----- Dataset extract -----
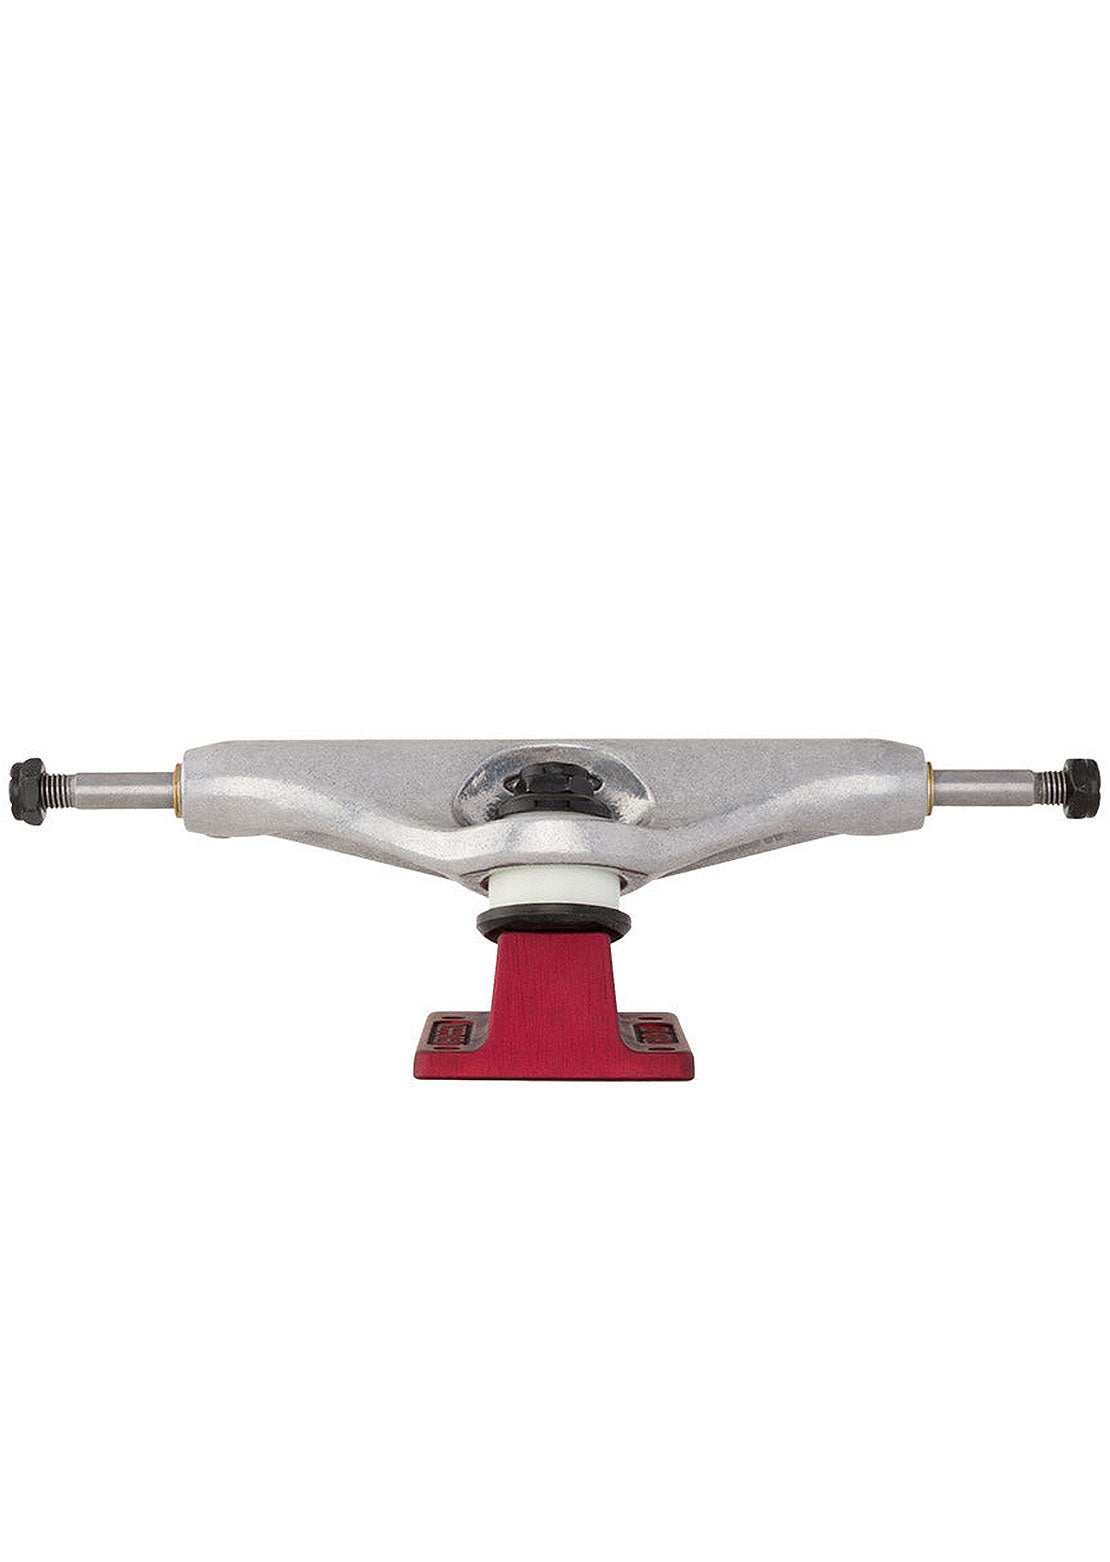 Independent Stage 11 Hollow Delfino Skateboard Trucks 2-Pack Silver/Red
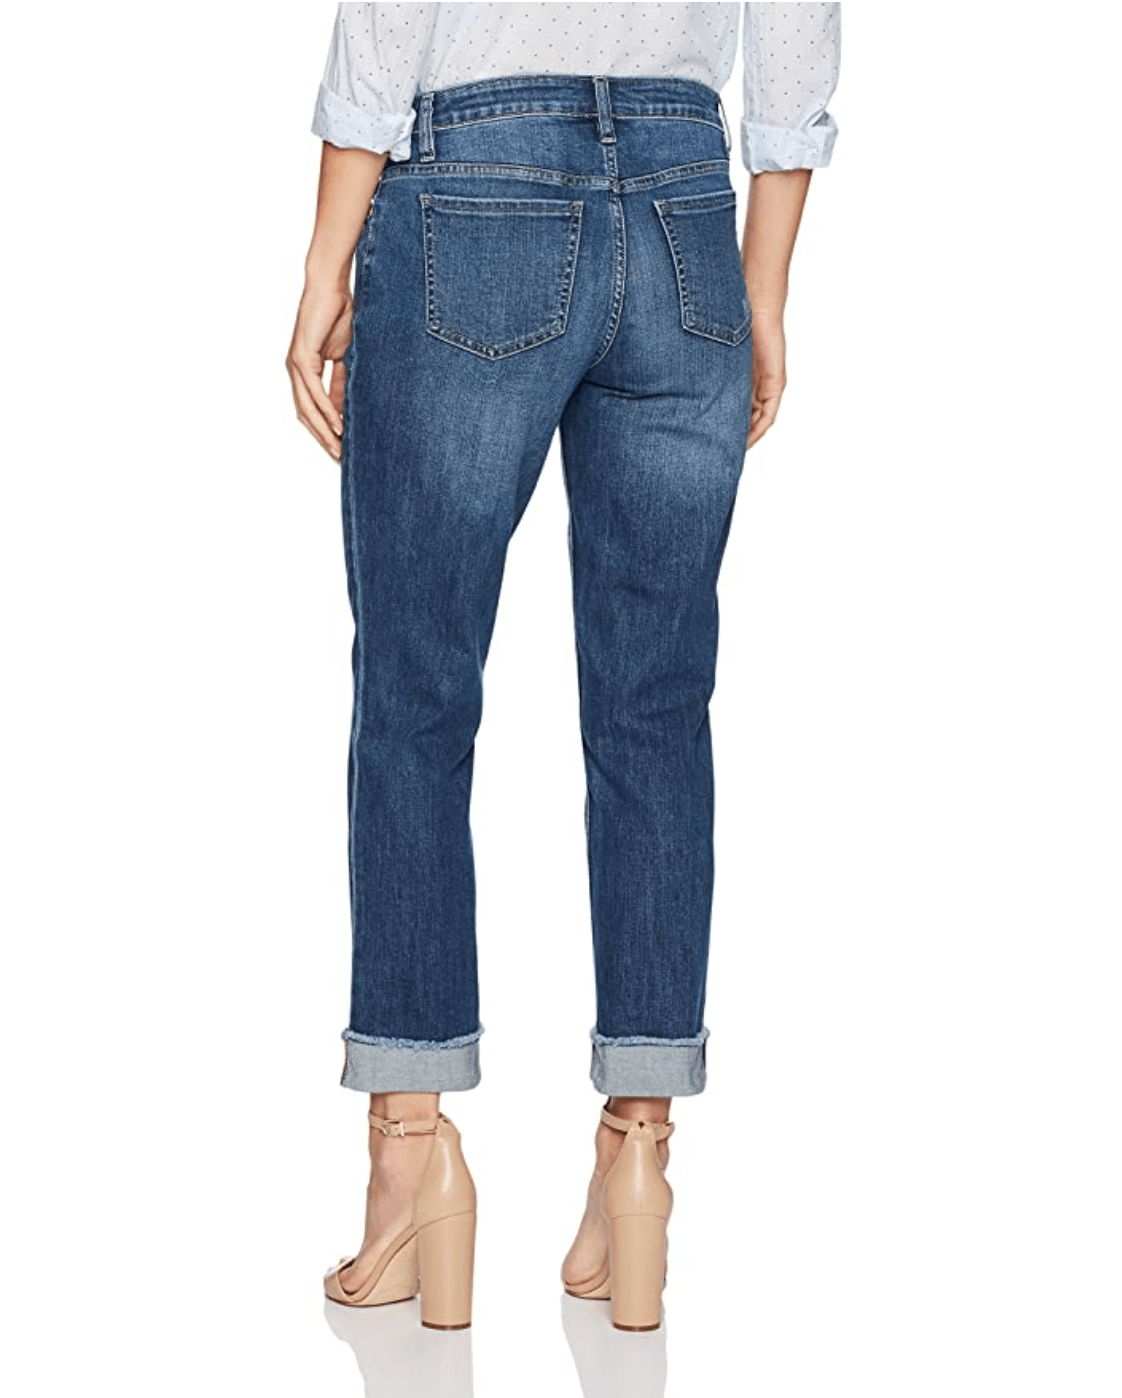 Lee Boyfriend Jeans From Amazon Are a Must-Have for Spring
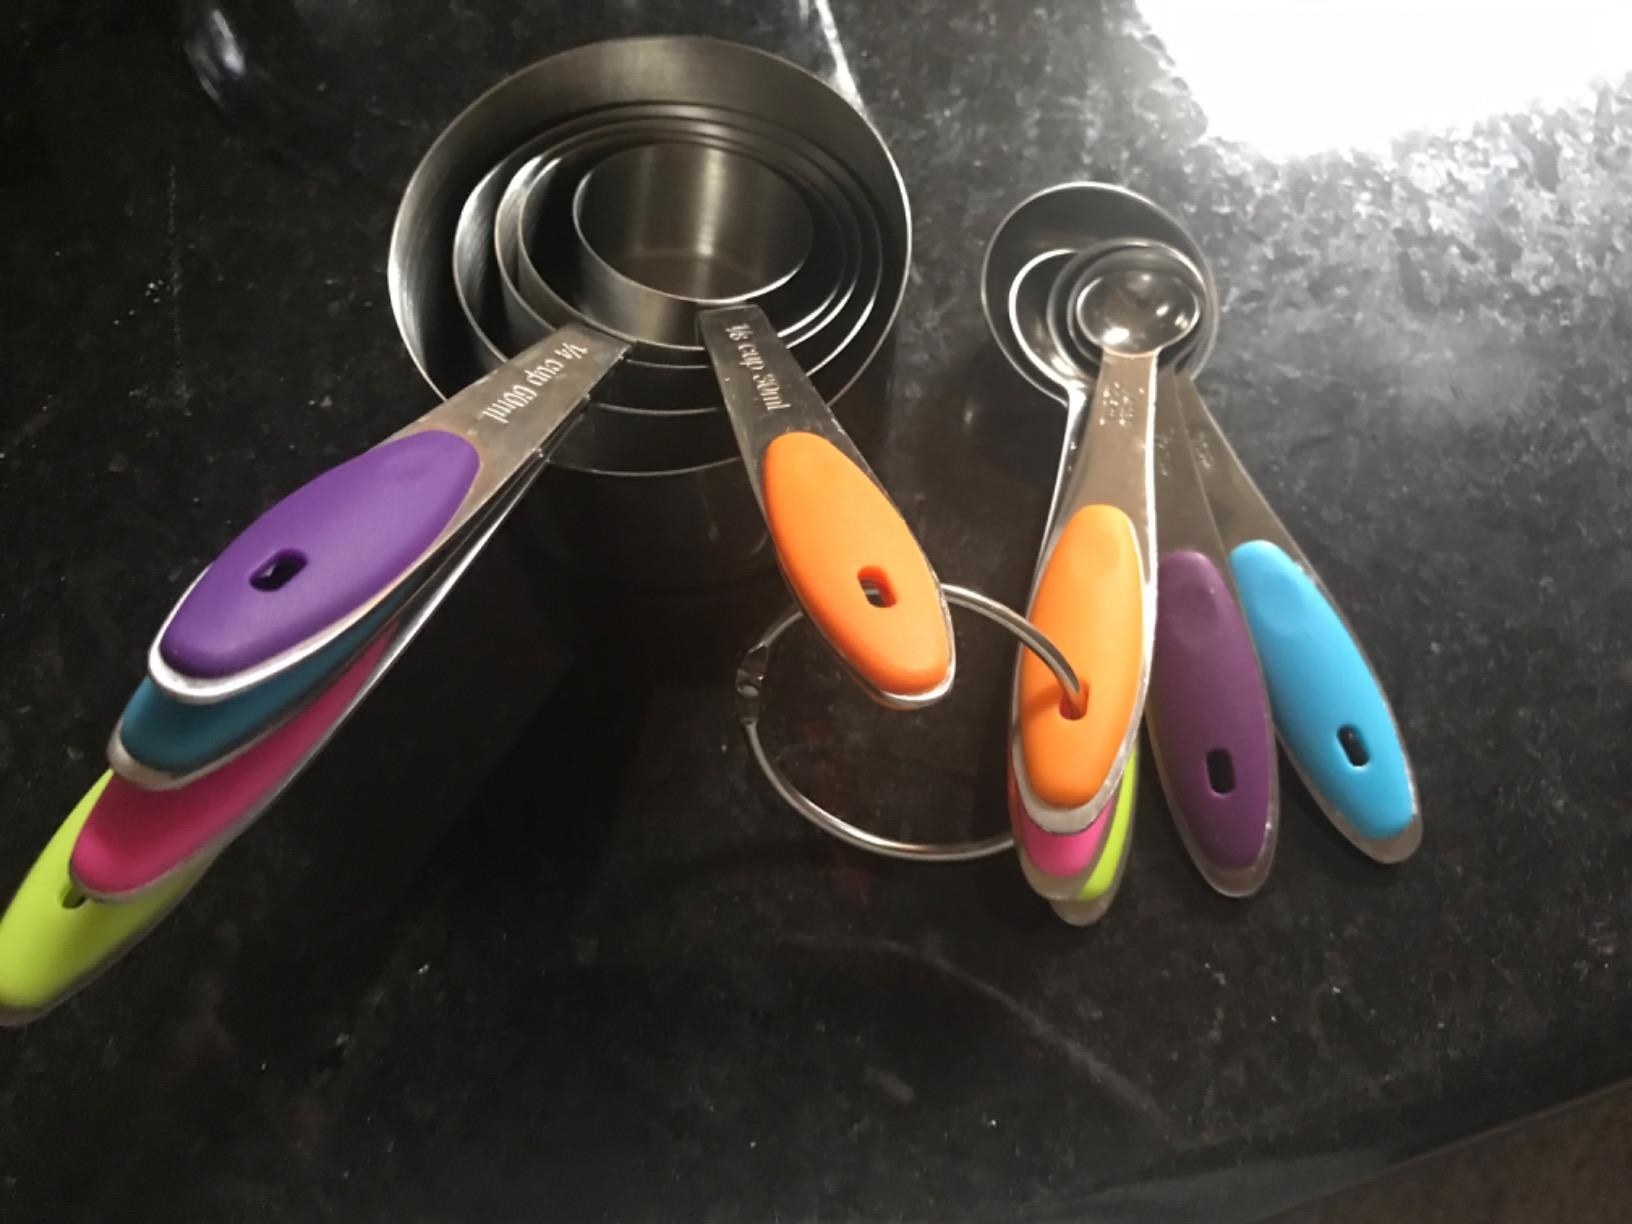 the set of 12 Kitchen Measuring Cups and Spoons on a kitchen counter
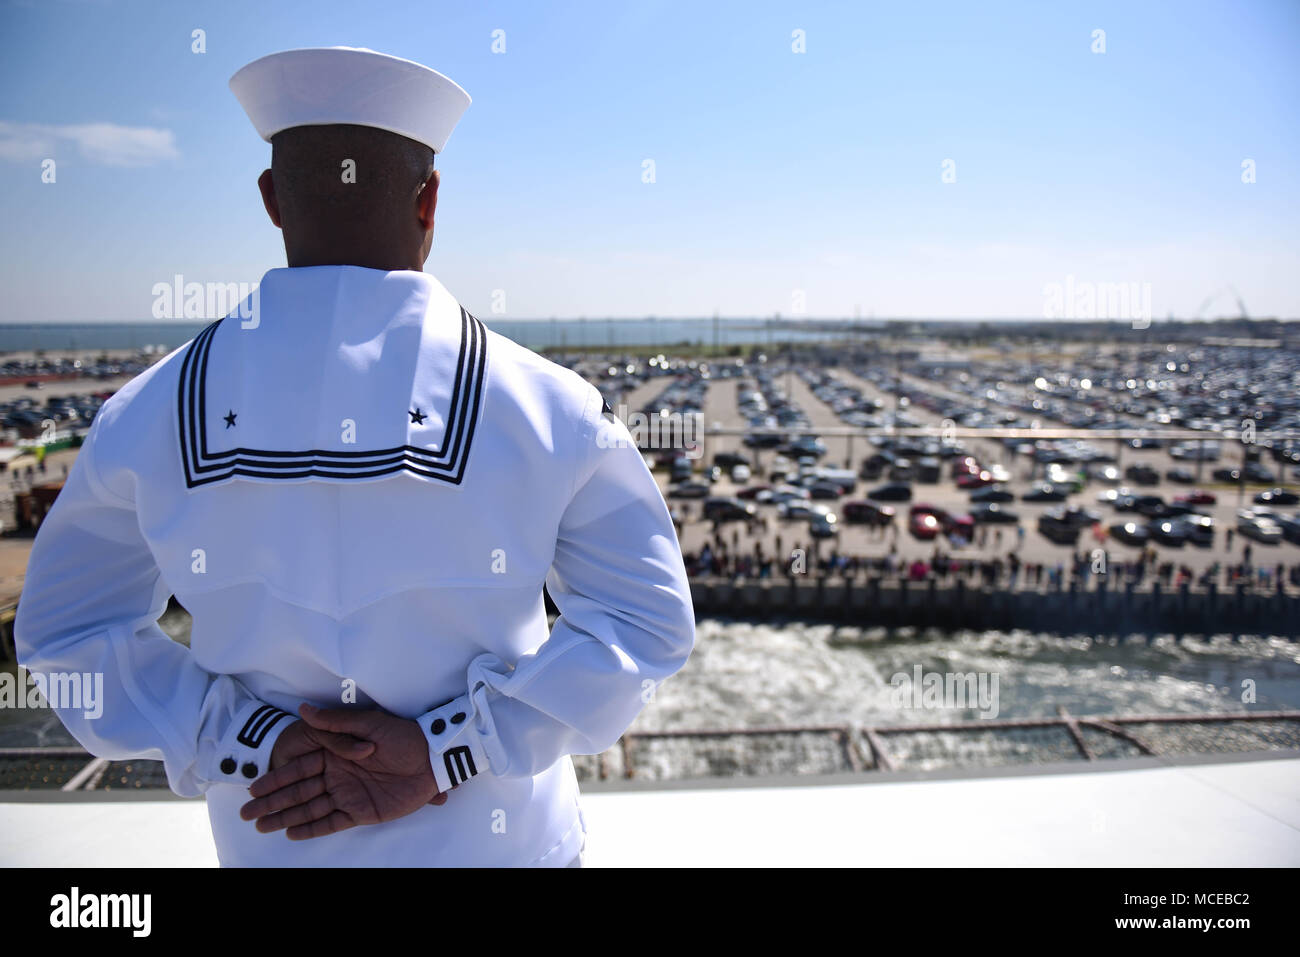 180411-N-NQ487-222  NORFOLK (April 11, 2018) Personnel Specialist 3rd Class Anthony White mans the rails aboard the aircraft carrier USS Harry S. Truman (CVN 75) during the ship's departure from homeport. Harry S. Truman is underway as the flagship for the Harry S. Truman Carrier Strike Group which includes; guided-missile cruiser USS Normandy (CG-60), and guided-missile destroyers USS Arleigh Burke (DDG-51), USS Bulkeley (DDG-84), USS Farragut (DDG-99), USS Forrest Sherman (DDG-98), USS The Sullivans (DDG-68), USS Winston S. Churchill (DDG-81) for a regularly scheduled deployment. (U.S. Navy  Stock Photo
-----
• _Aim of the exercise_:
From the line containing "the set of 12" to the final line above, both included, transcribe every line exactly and leave all pictures out.

• _Exercise result_:
 the set of 12 Kitchen Measuring Cups and Spoons on a kitchen counter
 180411-N-NQ487-222  NORFOLK (April 11, 2018) Personnel Specialist 3rd Class Anthony White mans the rails aboard the aircraft carrier USS Harry S. Truman (CVN 75) during the ship's departure from homeport. Harry S. Truman is underway as the flagship for the Harry S. Truman Carrier Strike Group which includes; guided-missile cruiser USS Normandy (CG-60), and guided-missile destroyers USS Arleigh Burke (DDG-51), USS Bulkeley (DDG-84), USS Farragut (DDG-99), USS Forrest Sherman (DDG-98), USS The Sullivans (DDG-68), USS Winston S. Churchill (DDG-81) for a regularly scheduled deployment. (U.S. Navy  Stock Photo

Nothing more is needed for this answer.